### TASK BRIEF
Please quote exactly the lines below from the line containing "Afbeelding van De" to the line containing "Roger - Unlimited! (Álbum)", both lines included, and nothing else.

### THE DATA
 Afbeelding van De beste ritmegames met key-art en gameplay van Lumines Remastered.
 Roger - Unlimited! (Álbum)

--

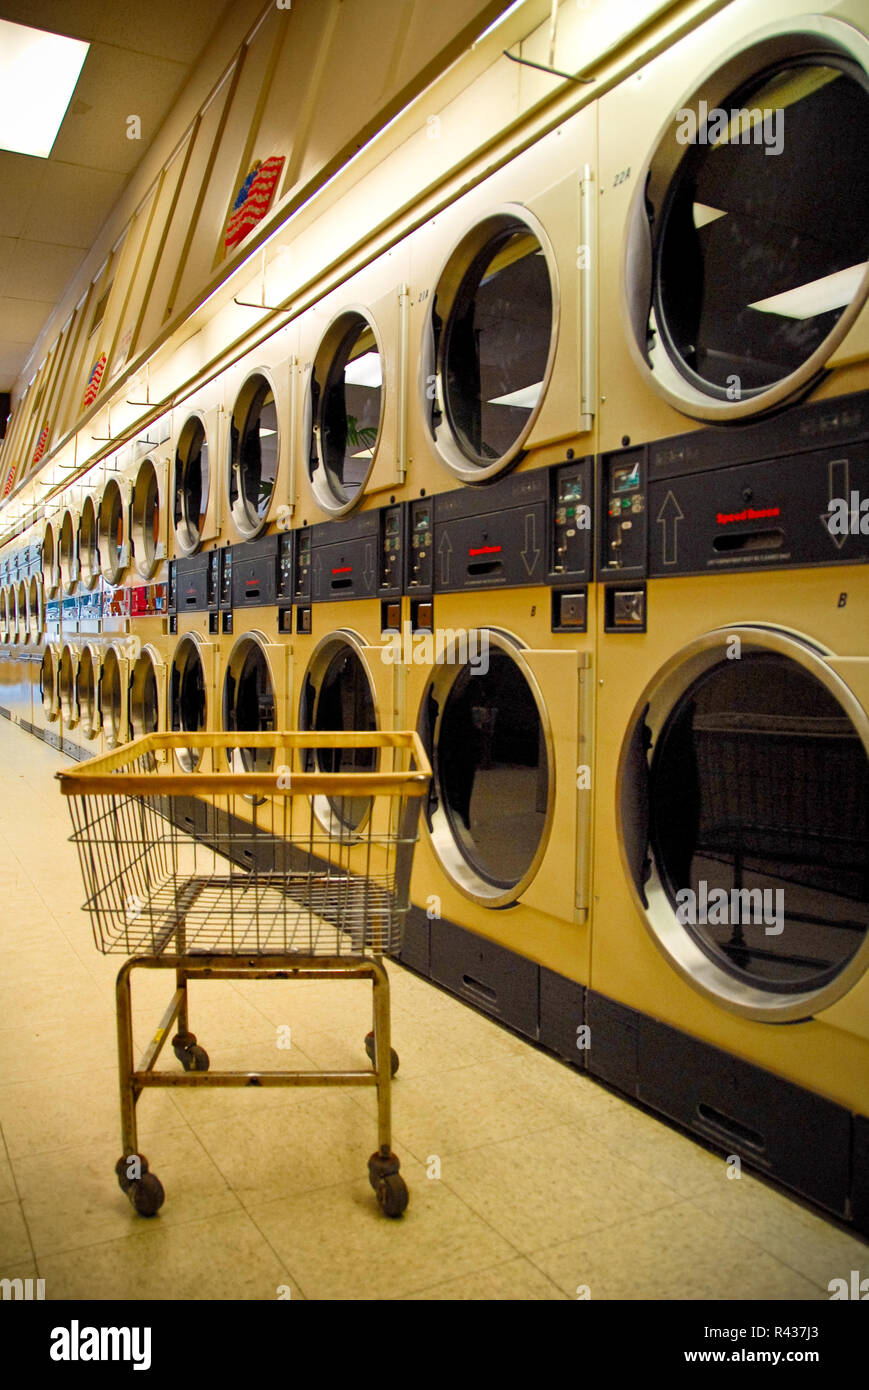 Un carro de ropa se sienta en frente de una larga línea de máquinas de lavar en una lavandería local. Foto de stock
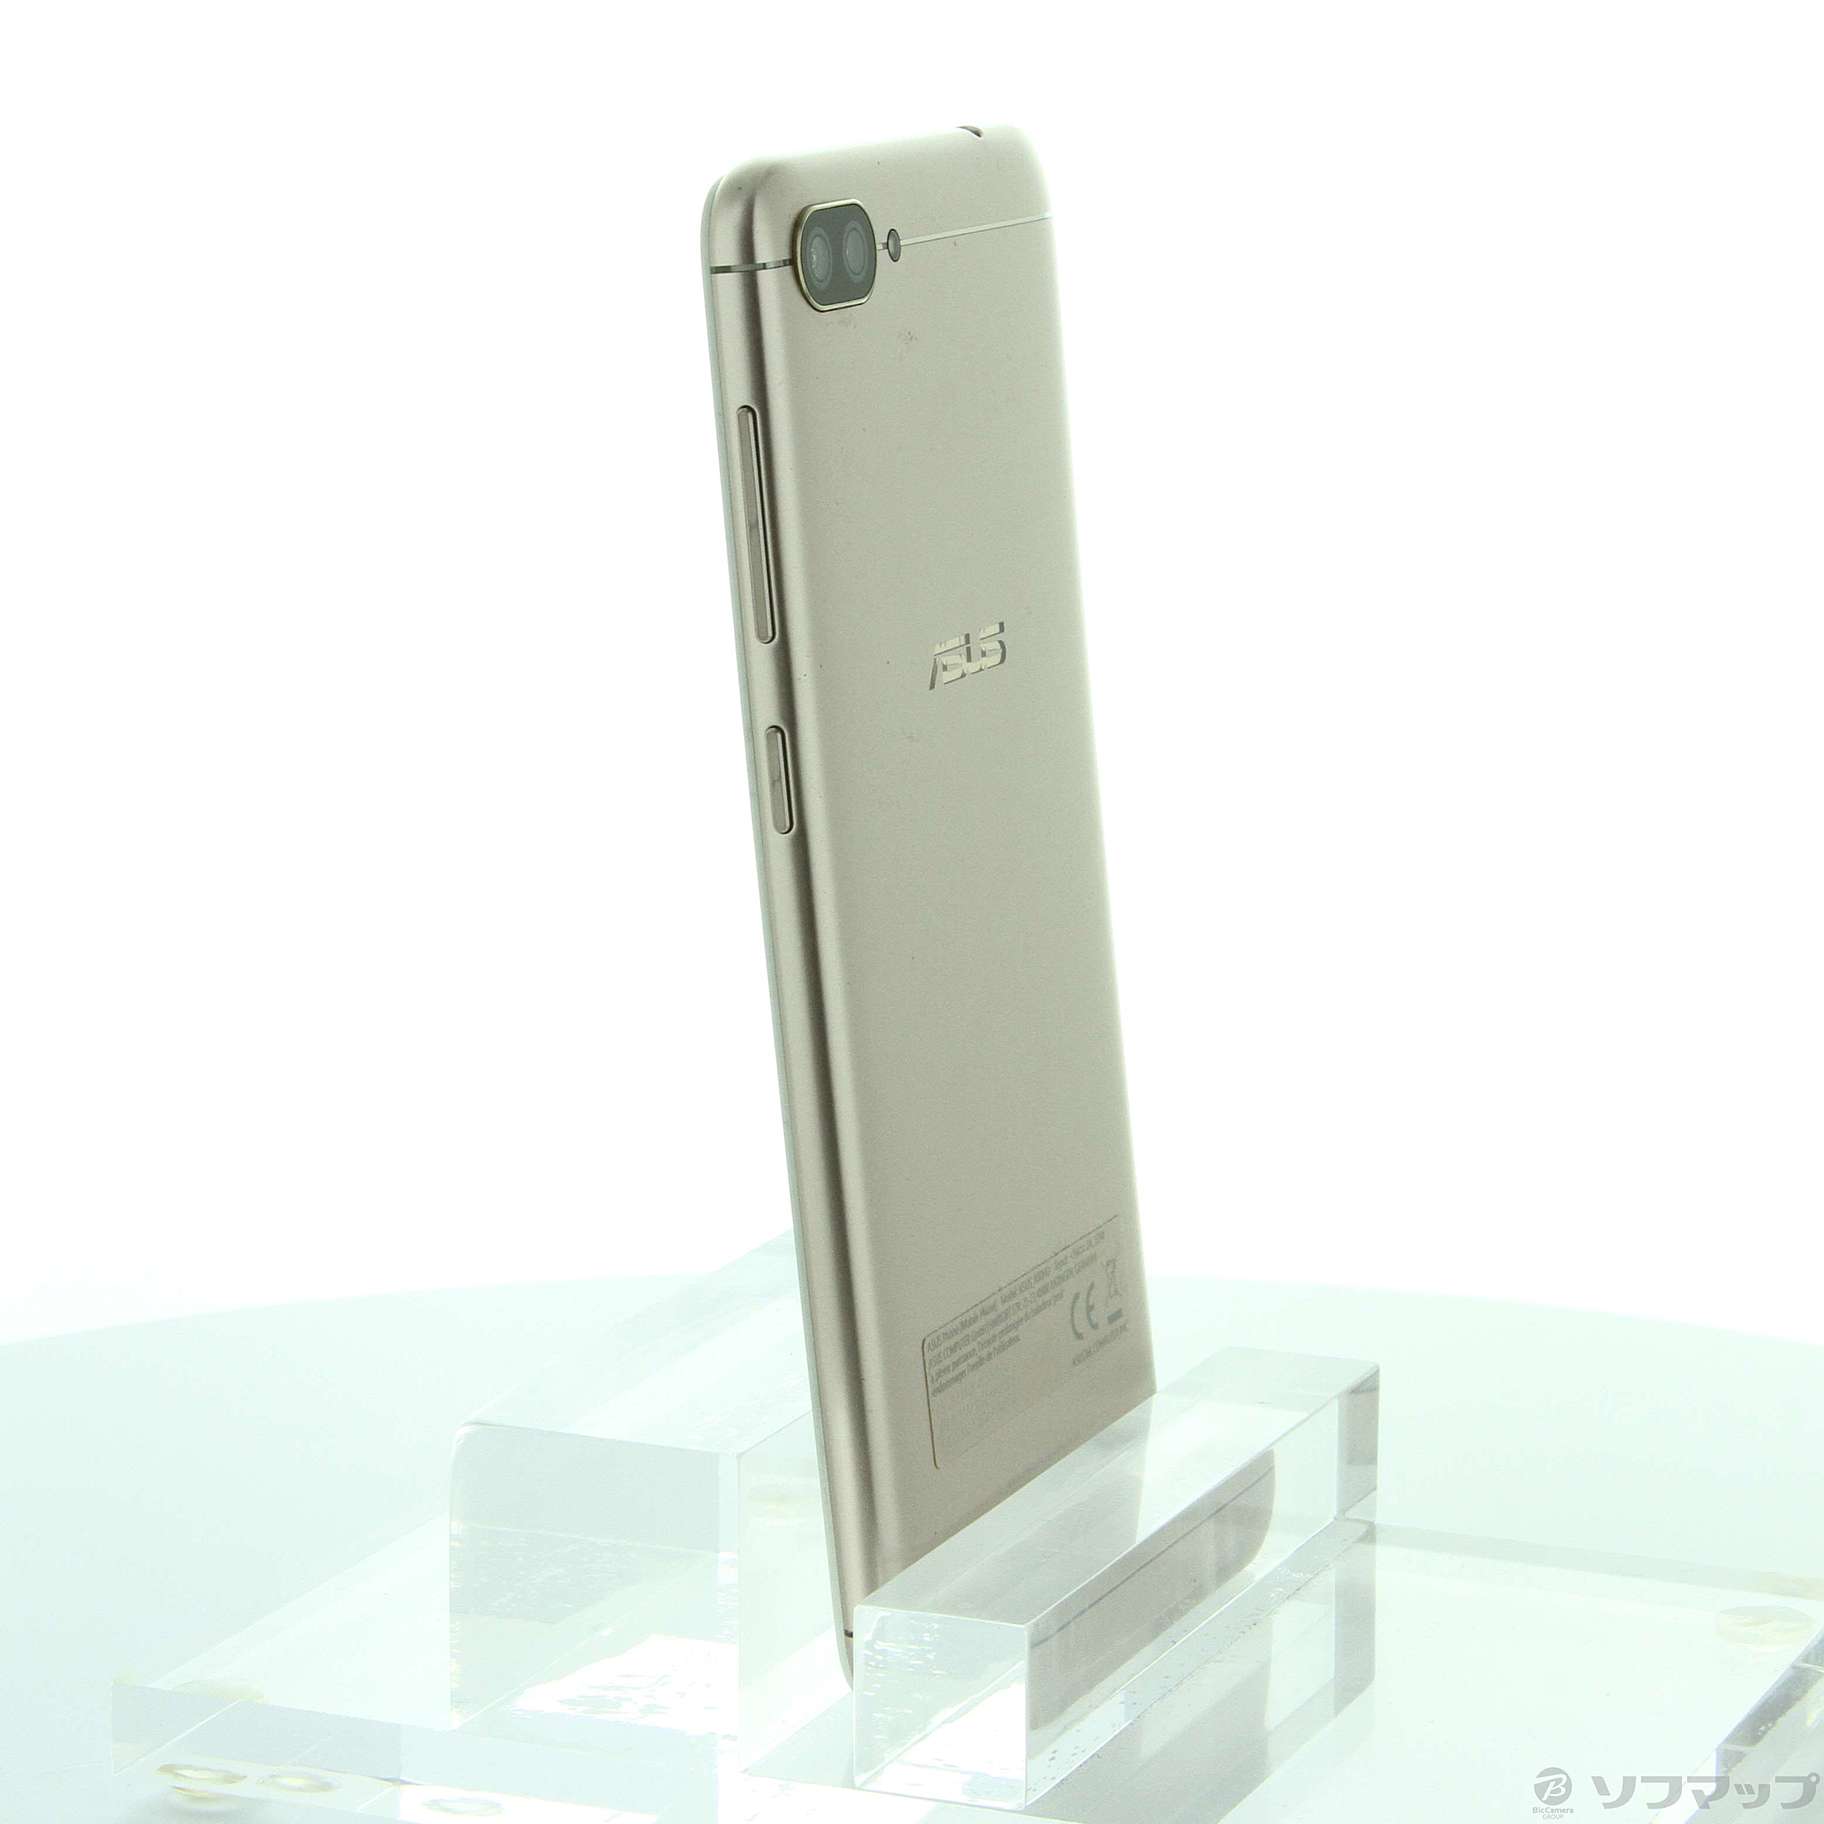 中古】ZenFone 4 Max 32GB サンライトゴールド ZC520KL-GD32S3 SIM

### FINAL ANSWER
 Afbeelding van De beste ritmegames met key-art en gameplay van Lumines Remastered.
 Roger - Unlimited! (Álbum)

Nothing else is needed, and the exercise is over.